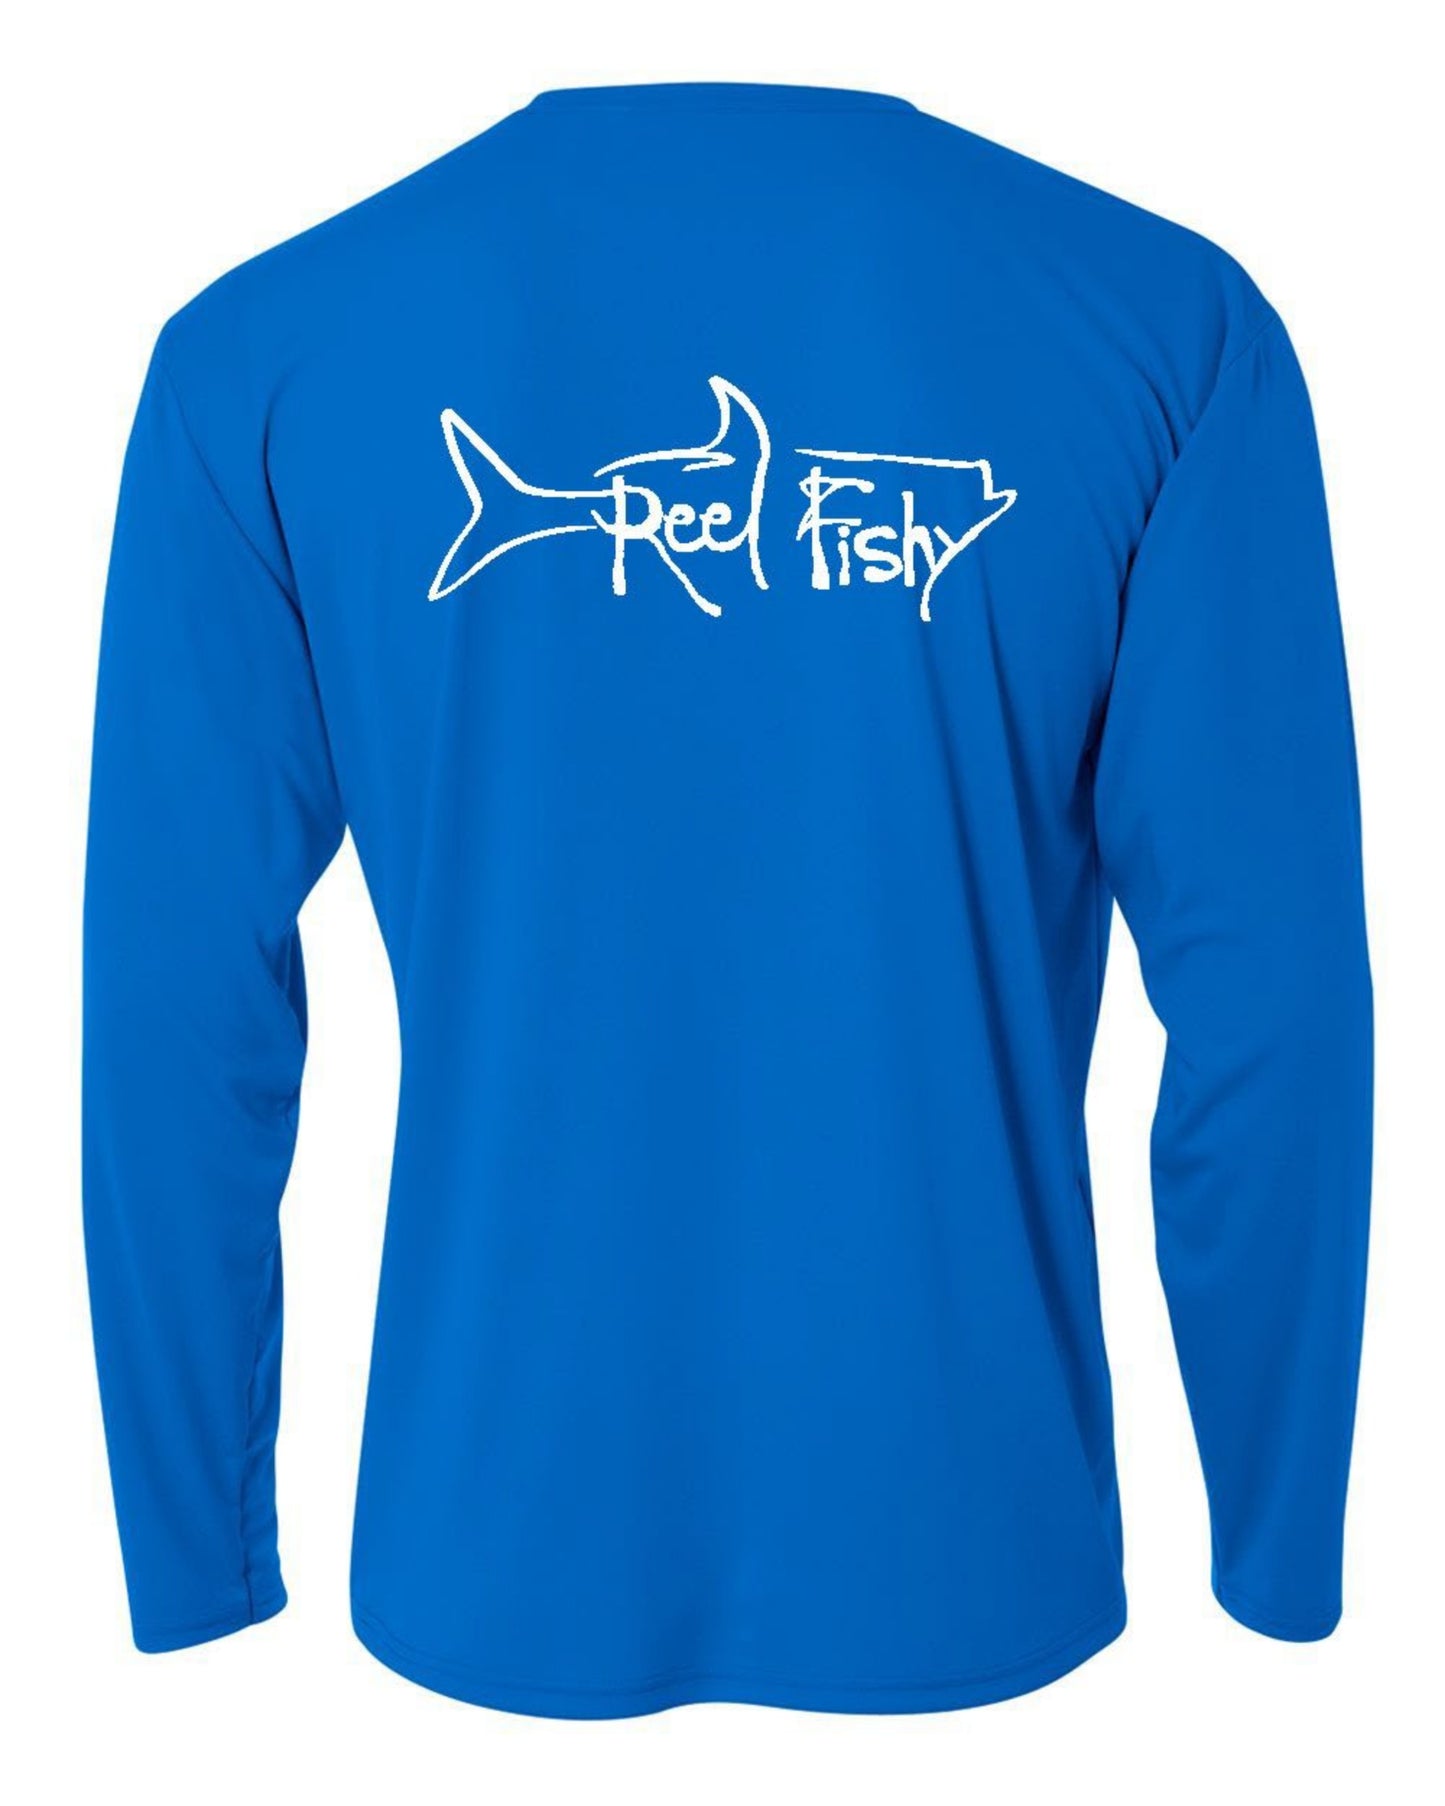 Youth Performance Dry-Fit Tarpon Fishing Shirts with Sun Protection by Reel Fishy Apparel - Long Sleeve Royal
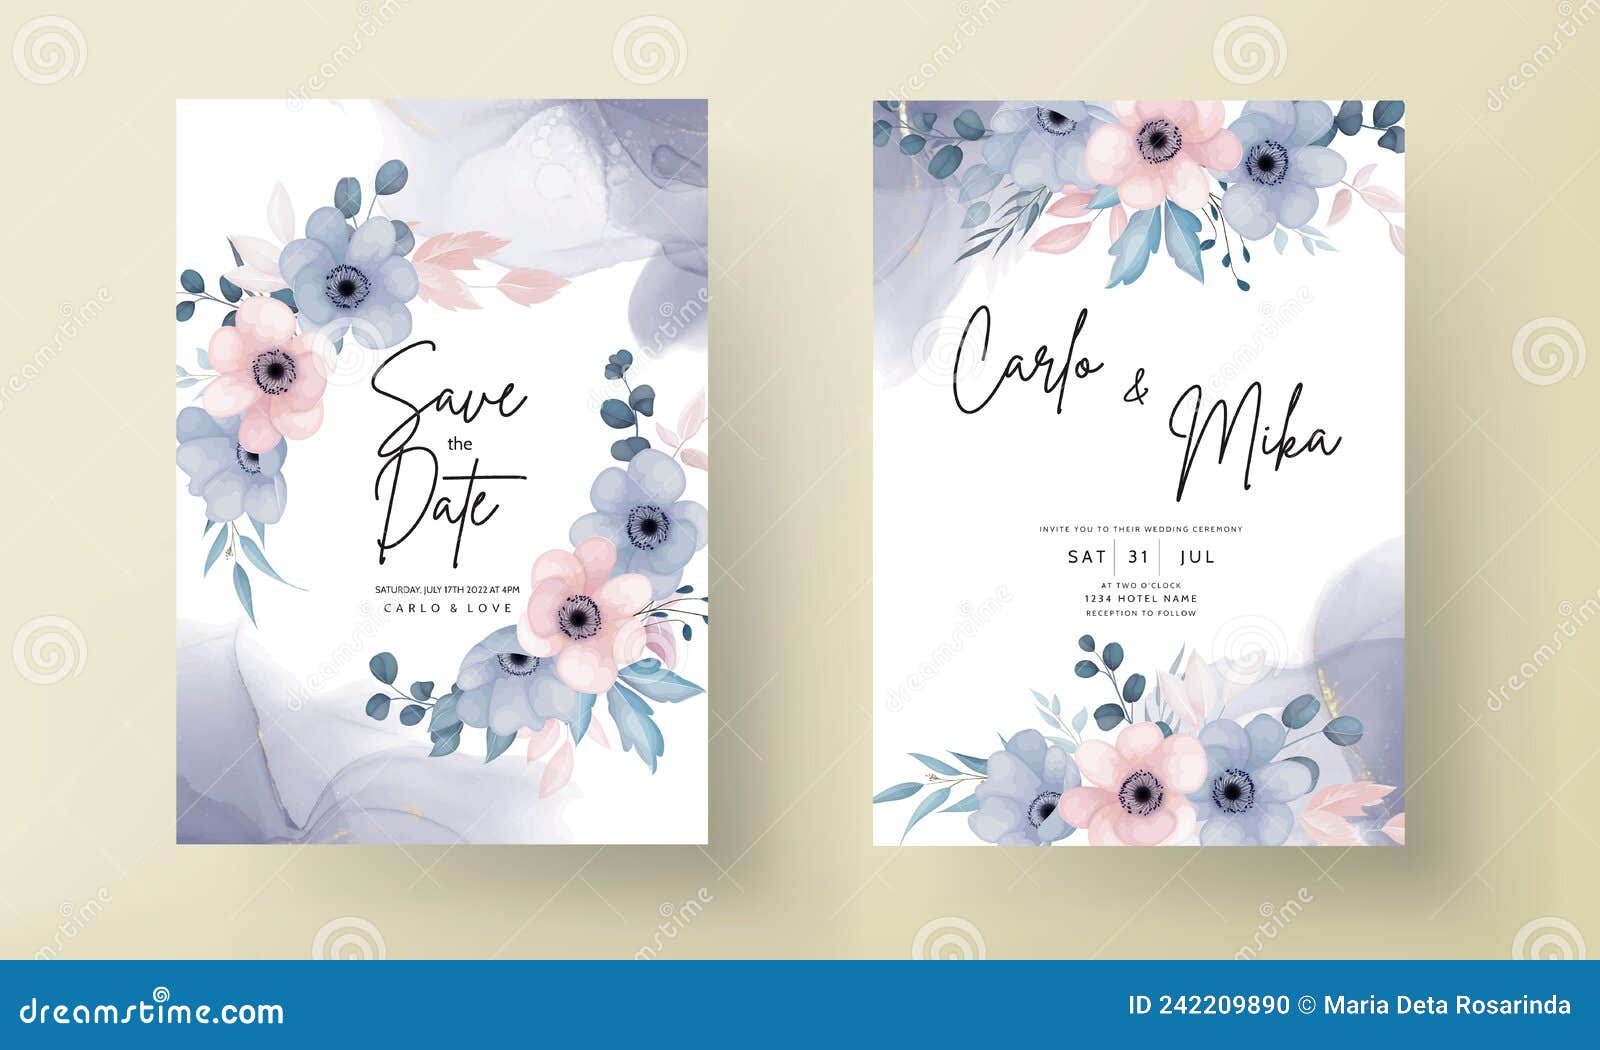 Marriage invitation card romantic, with drawing of leaf floral frame.  Vector - Stock Image - Everypixel
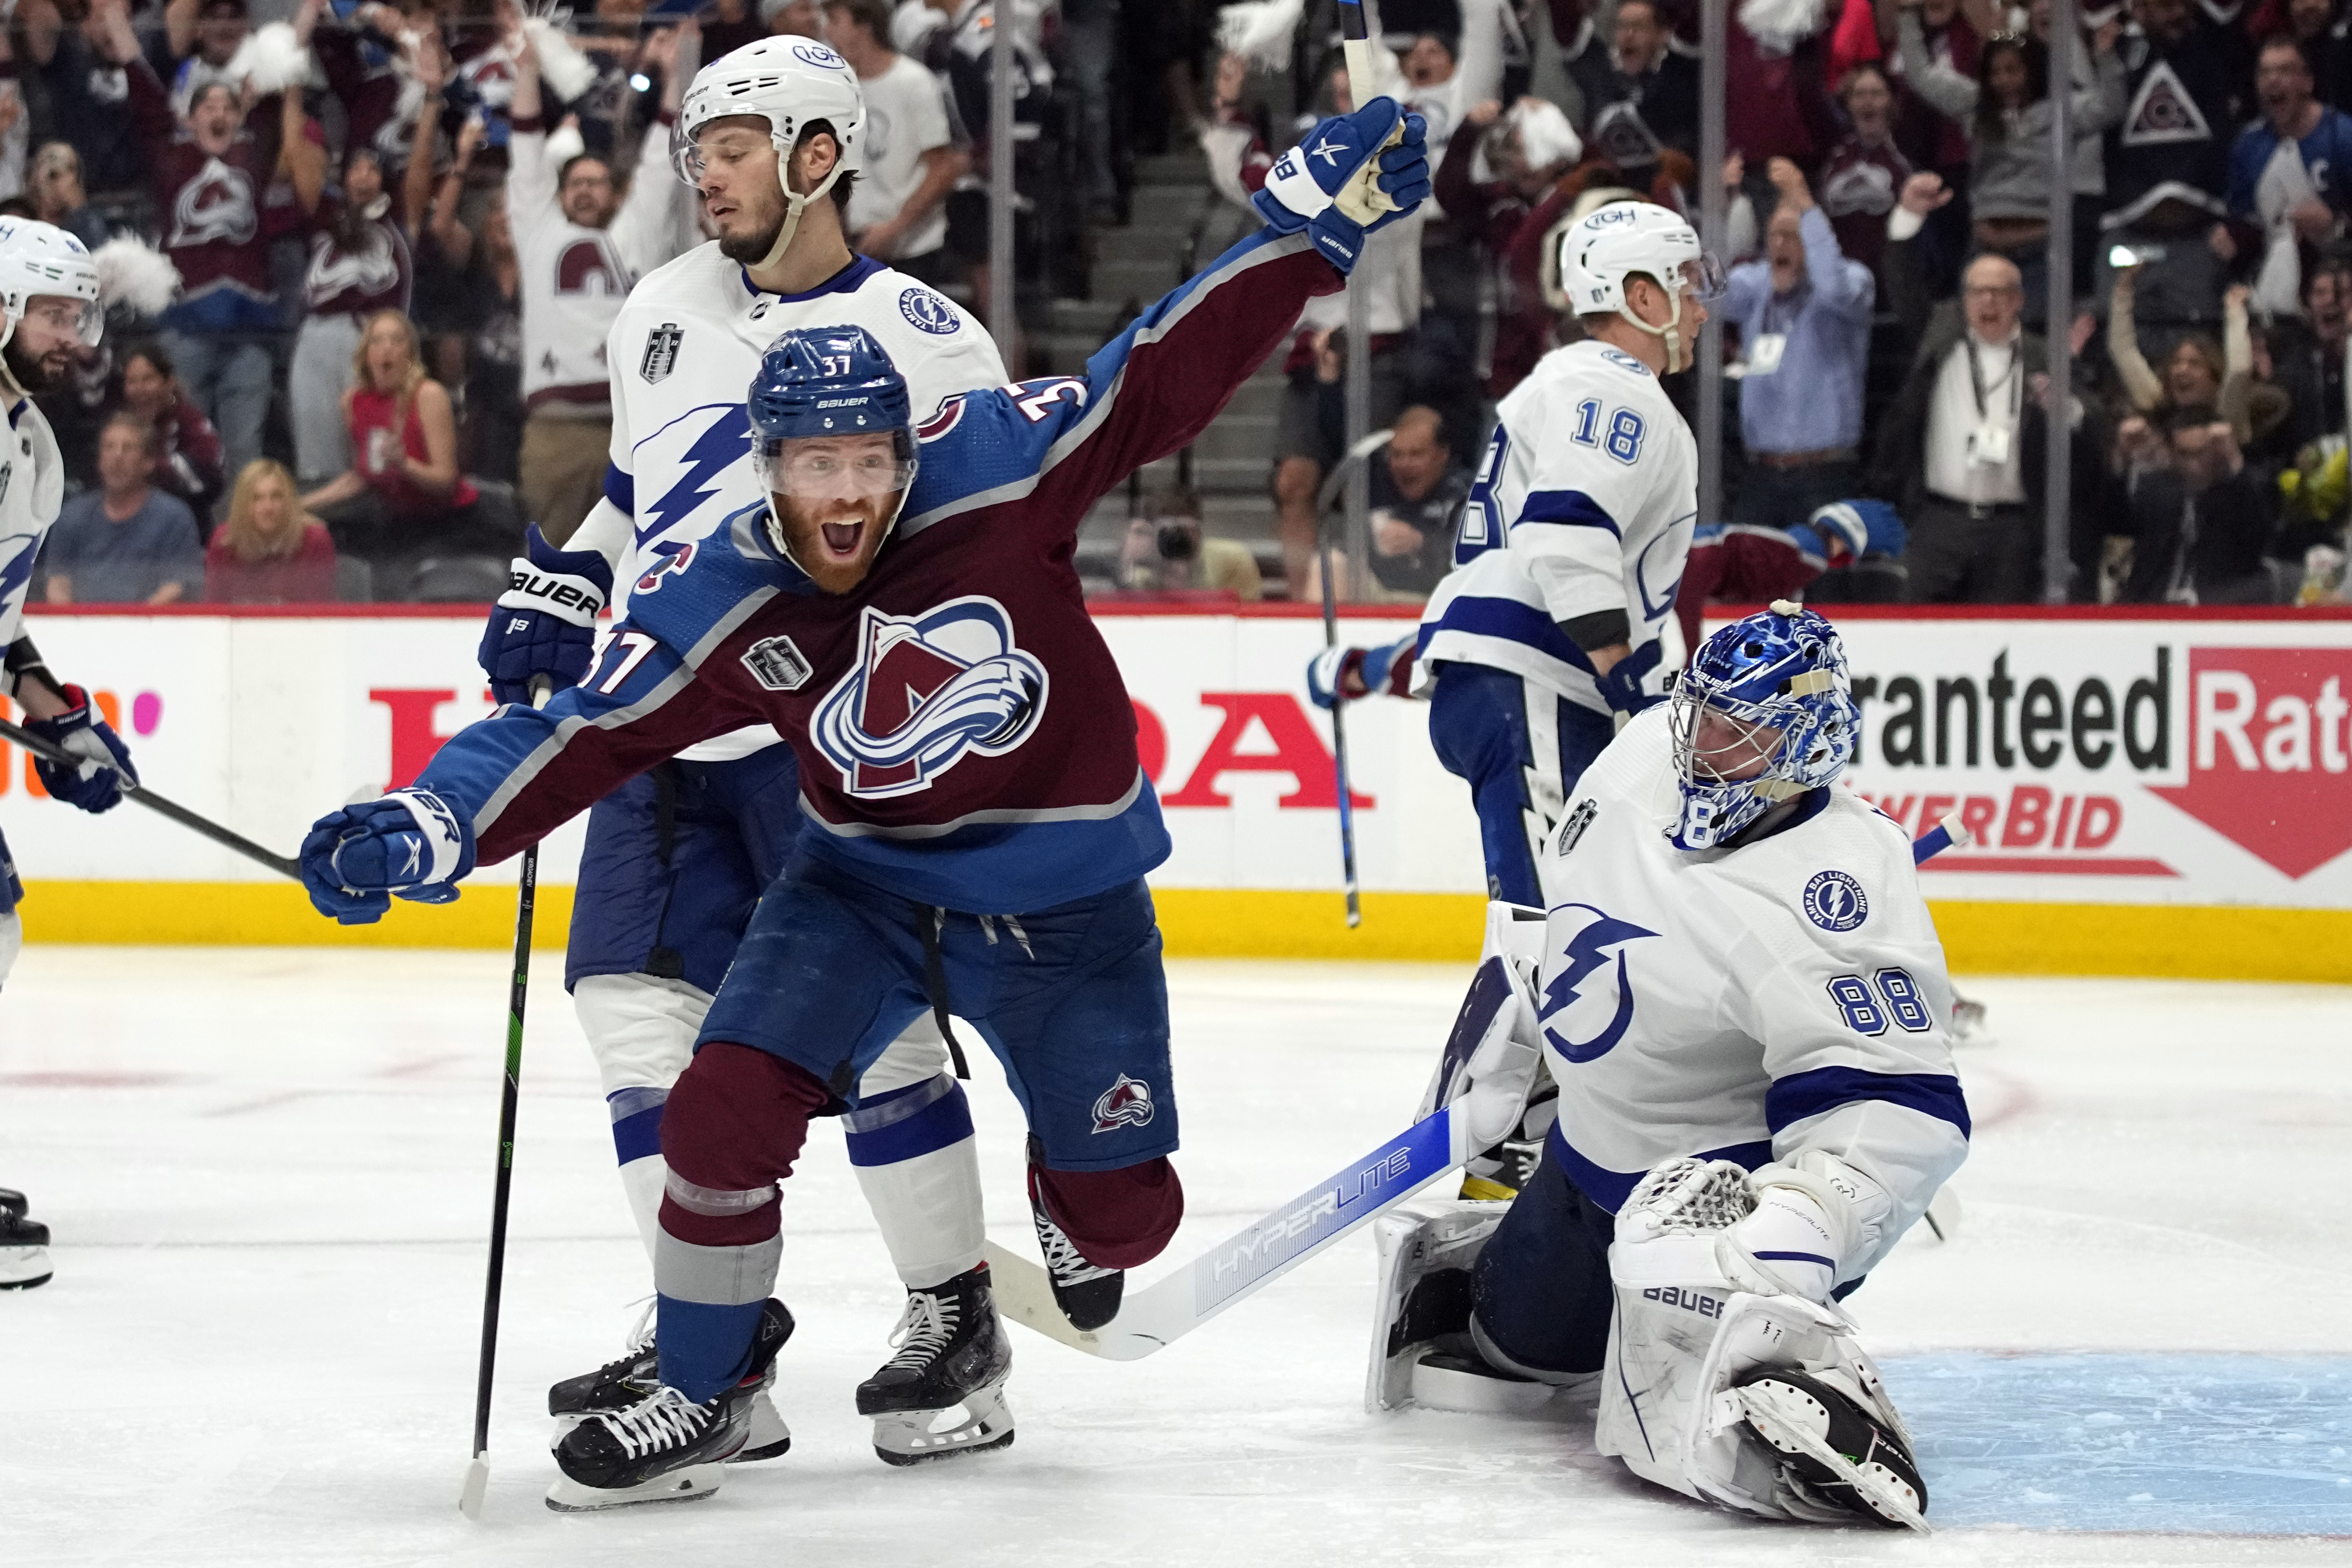 Denver: Witness an Colorado Avalanche National Hockey League Game at Ball  Arena

TASK STATEMENT – Send back the data above word for word, with the pictures left out.

RESULT FOR THIS TASK –
 Youth Performance Dry-Fit Tarpon Fishing Shirts with Sun Protection by Reel Fishy Apparel - Long Sleeve Royal
 Marriage invitation card romantic, with drawing of leaf floral frame.  Vector - Stock Image - Everypixel
 Denver: Witness an Colorado Avalanche National Hockey League Game at Ball  Arena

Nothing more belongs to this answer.